Question

9^-1/2 and 27^-2/3 what is this

Answer 1

Answer:

9^(-1/2) = 1/3

27^(-2/3) = 1/9

Step-by-step explanation:

We know that:

$\displaystyle \large {{a}^{ - n} = \frac{1}{ {a}^{n} } } \\ \displaystyle \large { {a}^{ \frac{m}{n} } = \sqrt[n]{ {a}^{m} } }$

If we add negative sign in m/n.

$\displaystyle \large{ {a}^{ - \frac{m}{n} } = \frac{1}{ {a}^{ \frac{m}{n} } } }$

Therefore,

$\displaystyle \large{ {a}^{ - \frac{m}{n} } = \frac{1}{ \sqrt[n]{ {a}^{m} } } }$

From the expression:

1. 9^(-1/2)

$\displaystyle \large{ {9}^{ - \frac{1}{2} } = \frac{1}{ \sqrt{9} } }$

From above, apply the exponent rules.

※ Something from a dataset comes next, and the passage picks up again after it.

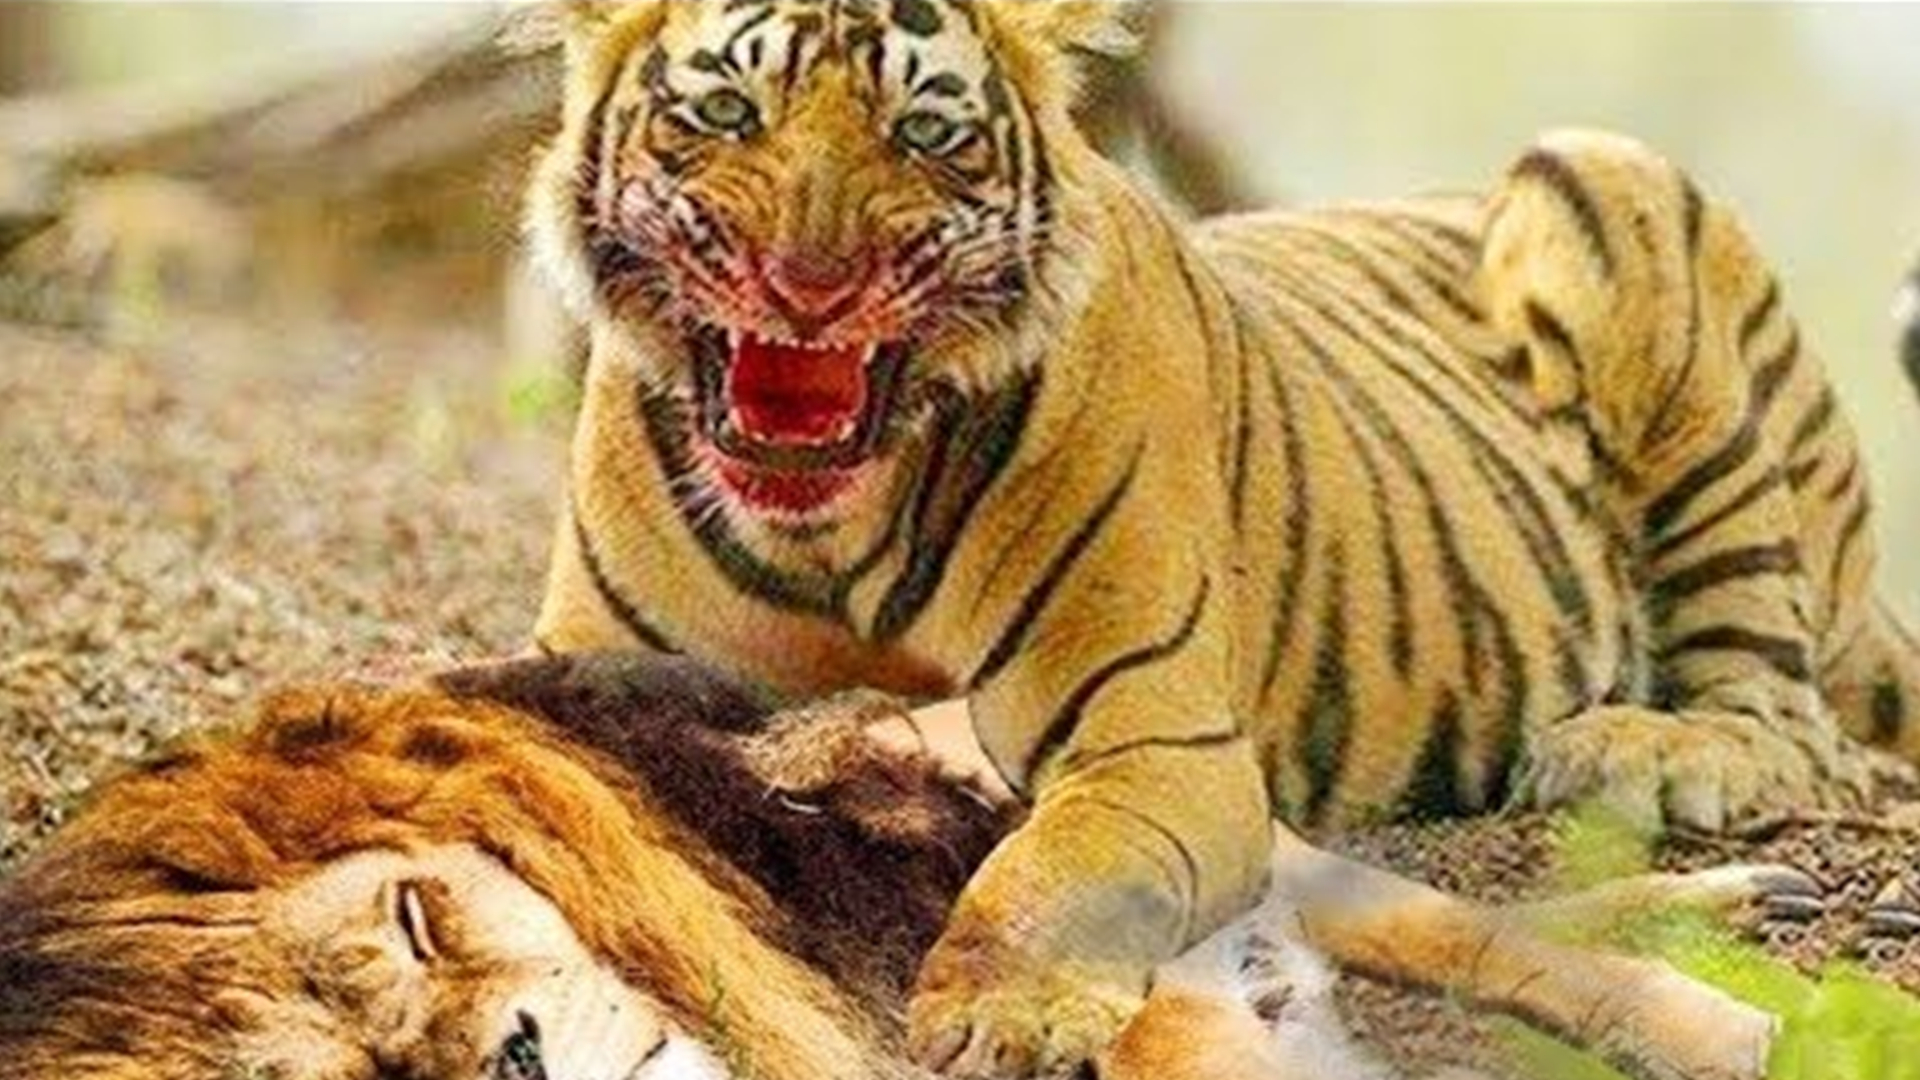 十大最强的老虎排名图片

Simplify the expression:

$\displaystyle \large{ {9}^{ - \frac{1}{2} } = \frac{1}{ 3 }}$

2. 27^(-2/3)

$\displaystyle \large{ {27}^{ - \frac{2}{3} } = \frac{1}{ \sqrt[3]{ {27}^{2} } } }$

27 can be factored as 3^3.

$\displaystyle \large{ {27}^{ - \frac{2}{3} } = \frac{1}{ \sqrt[3]{ { ({3}^{3}) }^{2} } } }$

From above:- Use the following exponent rules to multiply the exponents and leave the base as 3 so we can cancel the cube (3 out of the root) and the exponent.

$\displaystyle \large{ {27}^{ - \frac{2}{3} } = \frac{1}{ \sqrt[3]{ {3}^{6} } }}$

Divide 6 by 3 or the cube root.

$\displaystyle \large{ {27}^{ - \frac{2}{3} } = \frac{1}{ {3}^{2} }}$

Therefore:

$\displaystyle \large{ {27}^{ - \frac{2}{3} } = \frac{1}{ 9}}$

Answer 2

Answer:

Multiply by the exponents

Step-by-step explanation:

9^-1/2=1/3

27^-2/3=1/9